The late endocrinologist and MUSC professor Dr. Louis Guillette knew this well. A global expert in alligator biology, Dr. Guillette served as director of Marine Biomedicine and Environmental Sciences at MUSC, holding an endowed chair in marine genomics. He pioneered studies that explored how toxic pollutants affect the sex habits of alligators and crocodiles, and he translated this research into promoting the decrease in birth defects in pregnant women. He lectured on alligators for the Kiawah Conservancy and spent time in the field with the Kiawah’s alligator population. 

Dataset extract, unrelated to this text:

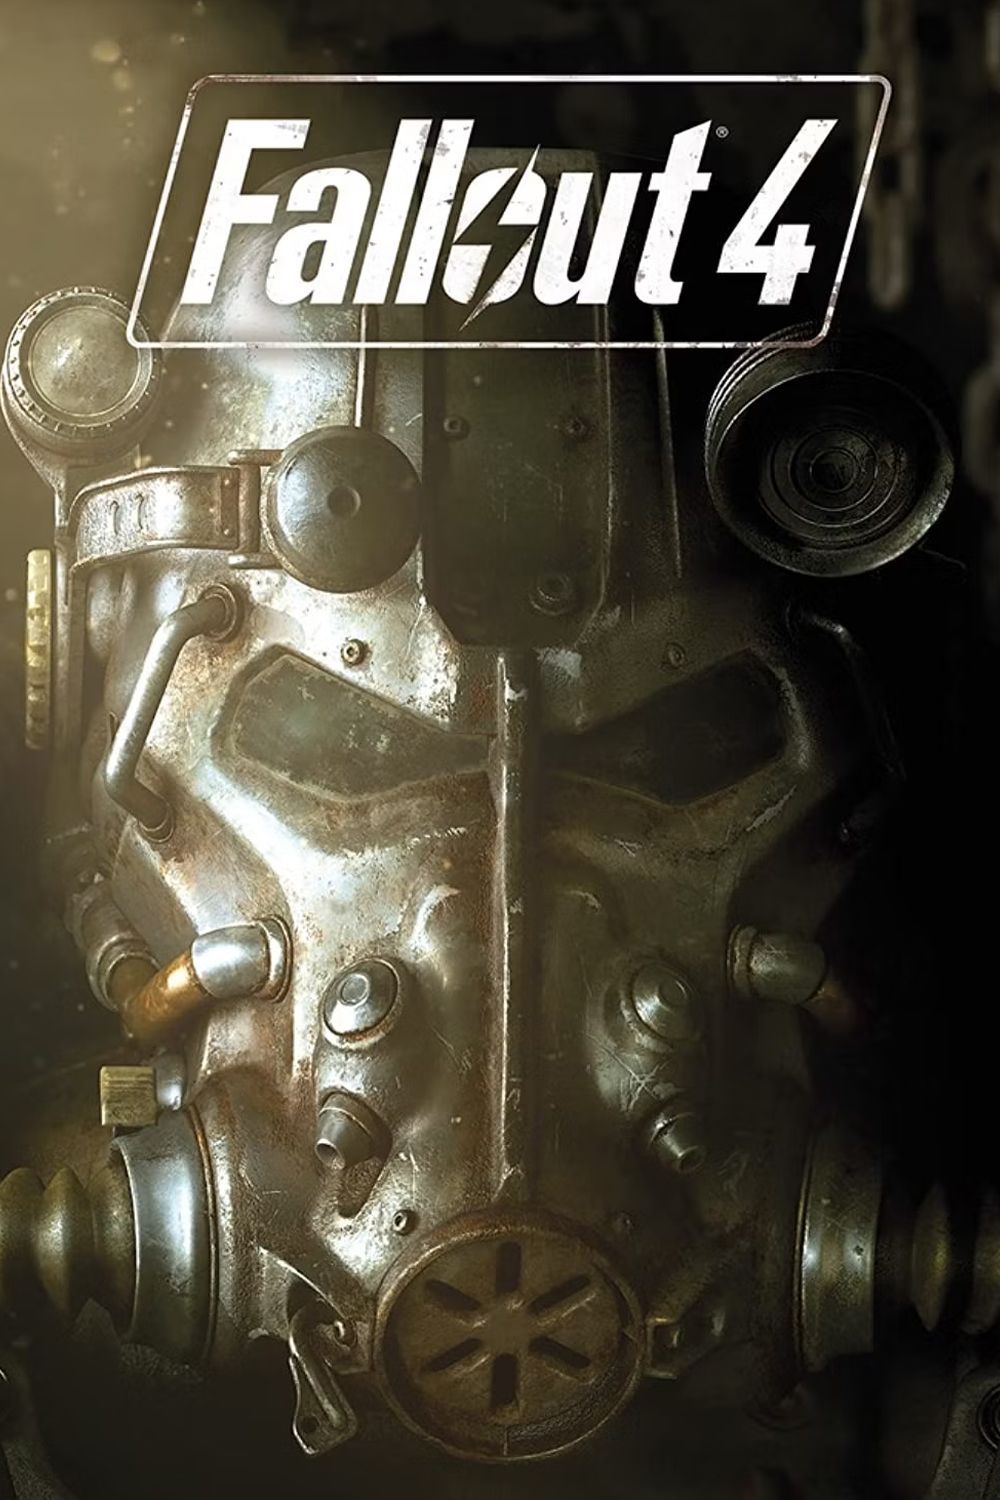 Arte da caixa Fallout 4

Experts like Guillette and Jordan respect the staying power and resilience of these ancient creatures that have successfully survived and adapted over the last ten million years. As do other human Island residents and visitors who pause in awe when spotting an alligator sunning on the banks of a creek or pond. This happy human/wildlife cohabitation and respect for Kiawah’s crocodilians bodes well for both two-legged residents and the squat four-legged, long-tailed ones. As Dr. Guillette was known to say, “If the environment is safe for alligators, it is safe for us.”  — S.H.